We must be awaken to the truth and break free of the Web of Illusion we have been living under.

It is a process and it takes time but our life depends on it.

His motivations are not love or happiness.

It is power and control!
It is admiration and attention!
It is praise and adulation!

A Narcissist will never care about the needs of a new supply than he did yours but during the Grooming Phase he will convince her that he loves her and cares about her.

The truth is that The Narcissist is emotionally shallow and doesn’t operate from a true emotional connection.

He doesn’t feel pain because he simply doesn’t run that deep.

He doesn’t have the ability to feel true love, happiness or emotional connection whether it is positive or negative.

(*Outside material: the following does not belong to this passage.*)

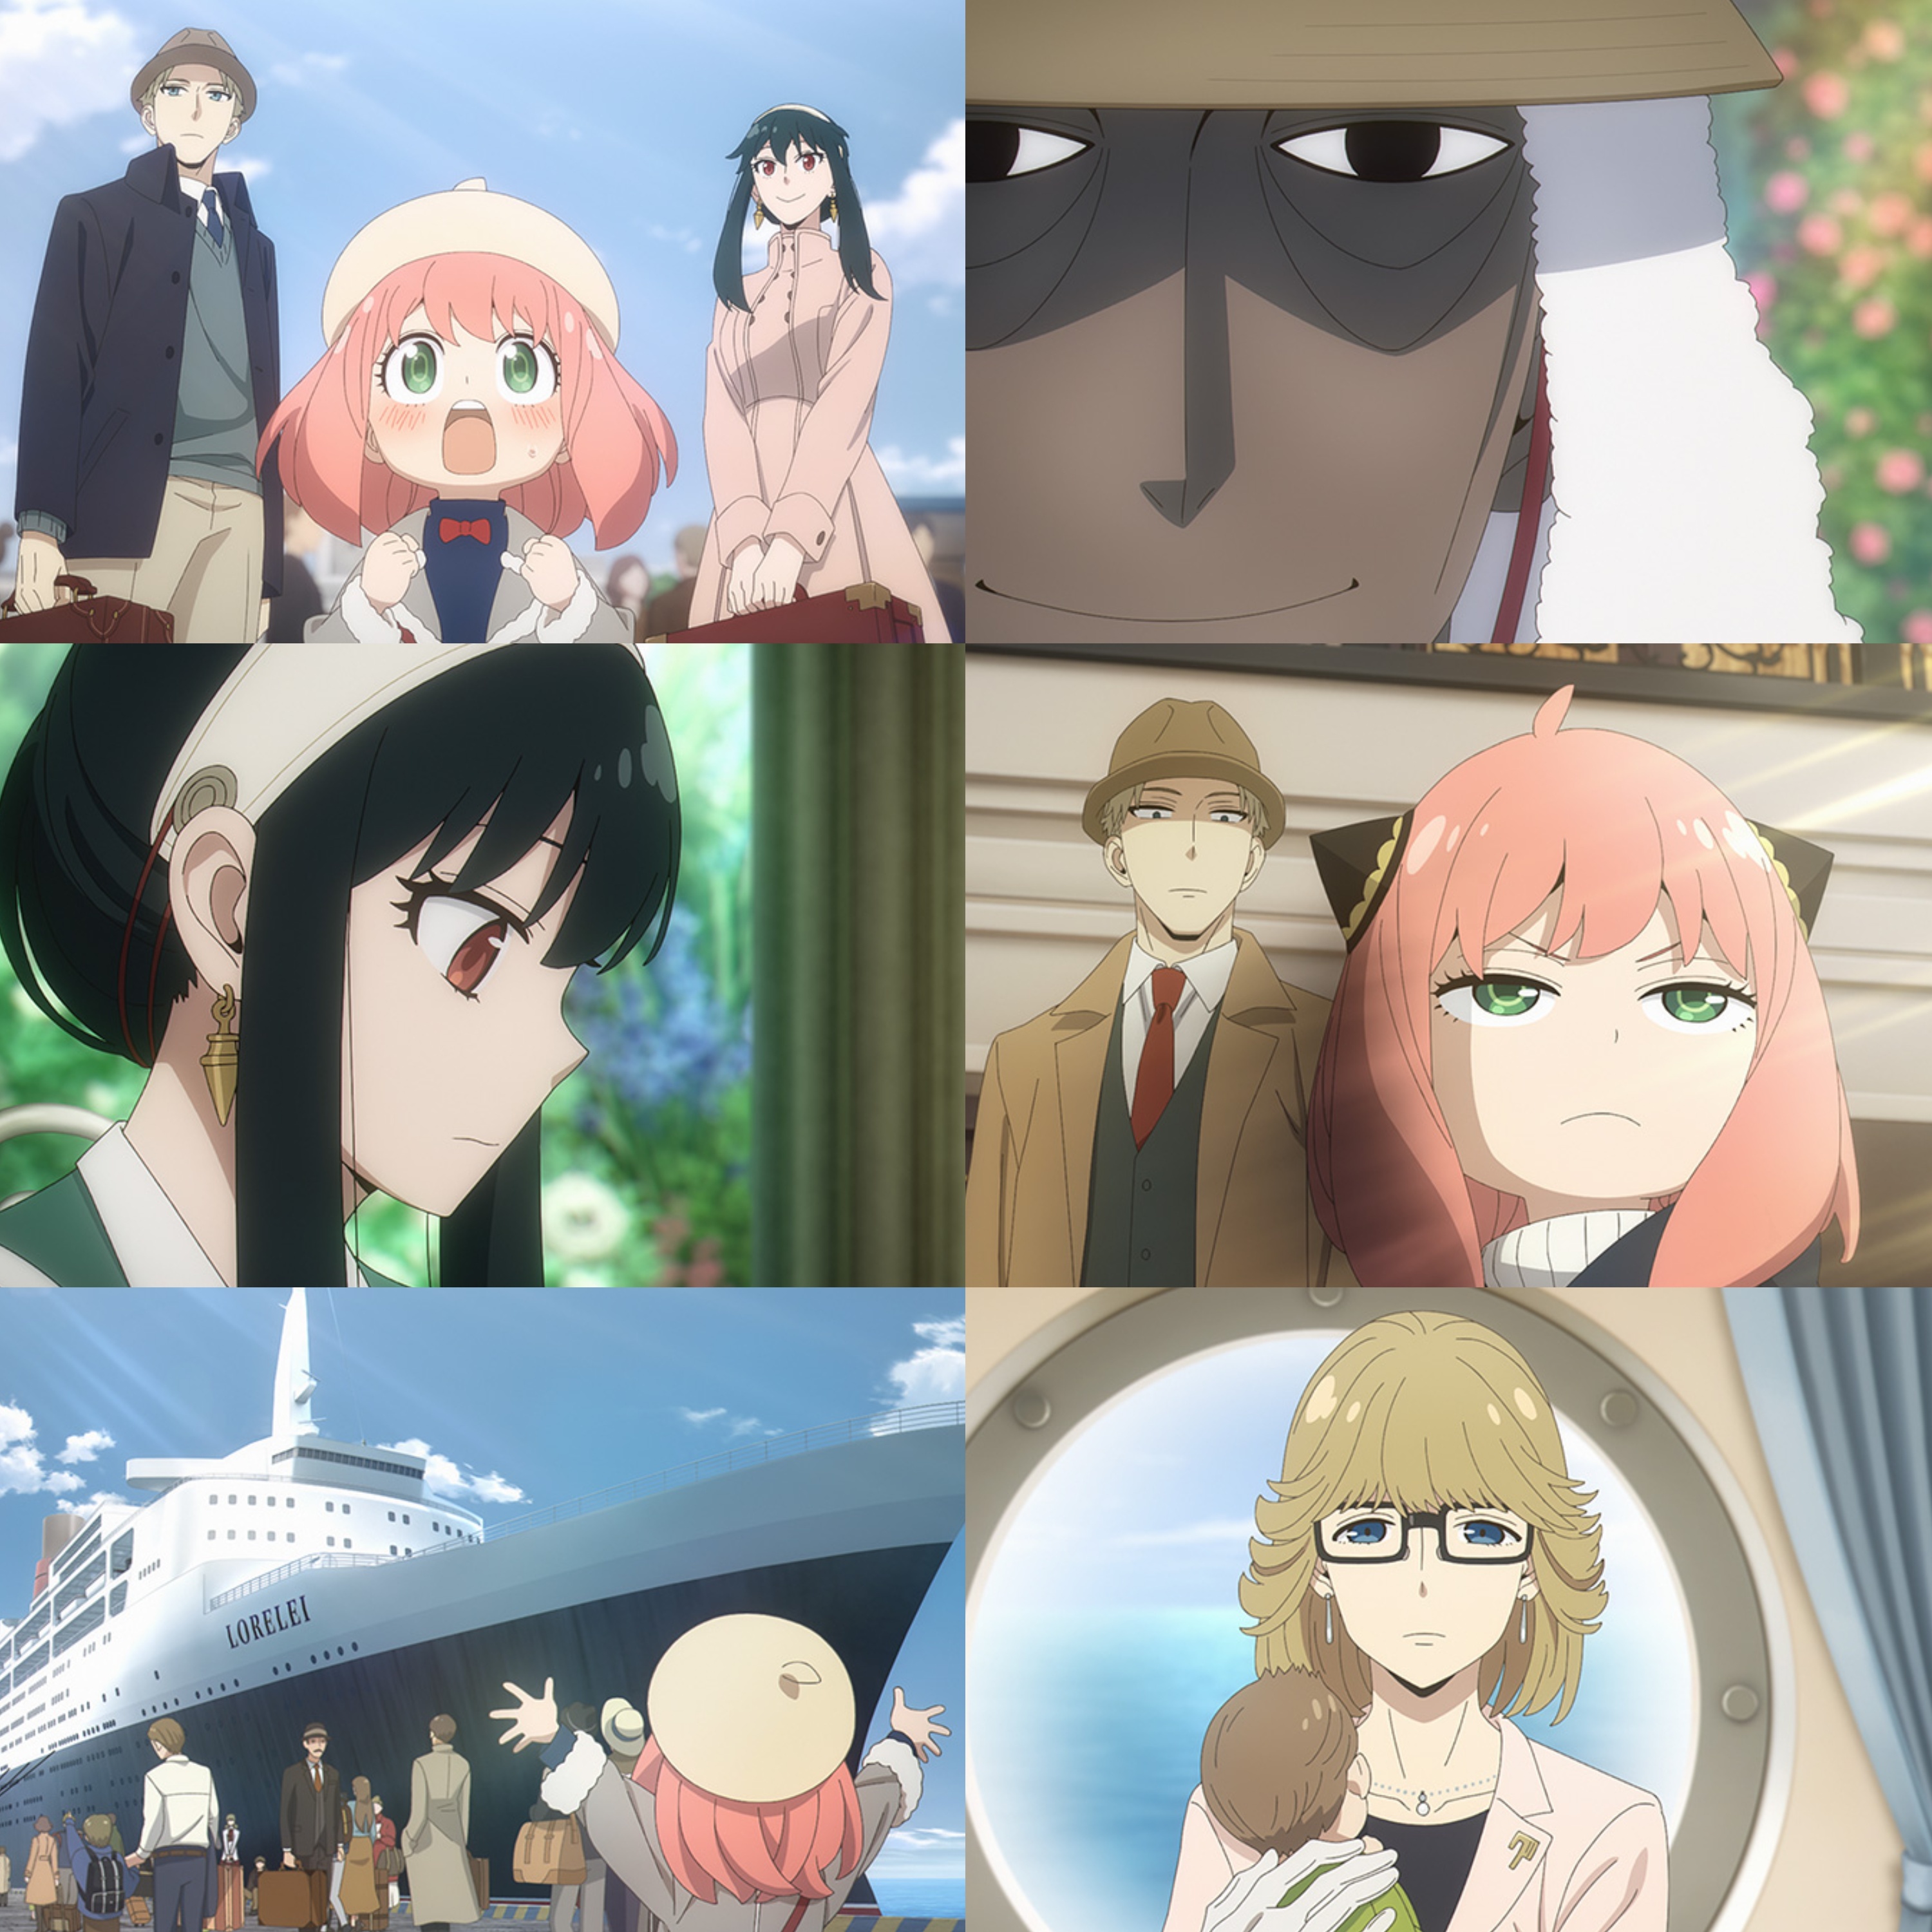 Anya's Cruise Adventure Sets Sail in Spy x Family Season 2 Episode 5  Preview - Anime Corner

He is a shallow puddle of water feeding from our ocean of emotional depth.

And it can feel as if we are being siphoned empty.

In order to refill our energy we must cut the cord that feeds the Narcissist!

It is crucial to our survival!

We must look past the sheep and see the wolf who is blowing our house down.

We must build our house on rocks and not sand or twigs.

When he huffs and puffs and realises he can’t blow our house down he will run out of energy and go elsewhere.

At first it will feel painfully empty to have the Narcissist gone because we have been feeding for so long on the adrenaline of the wolf outside our door.

But eventually we will heal and find it safe to go outside again.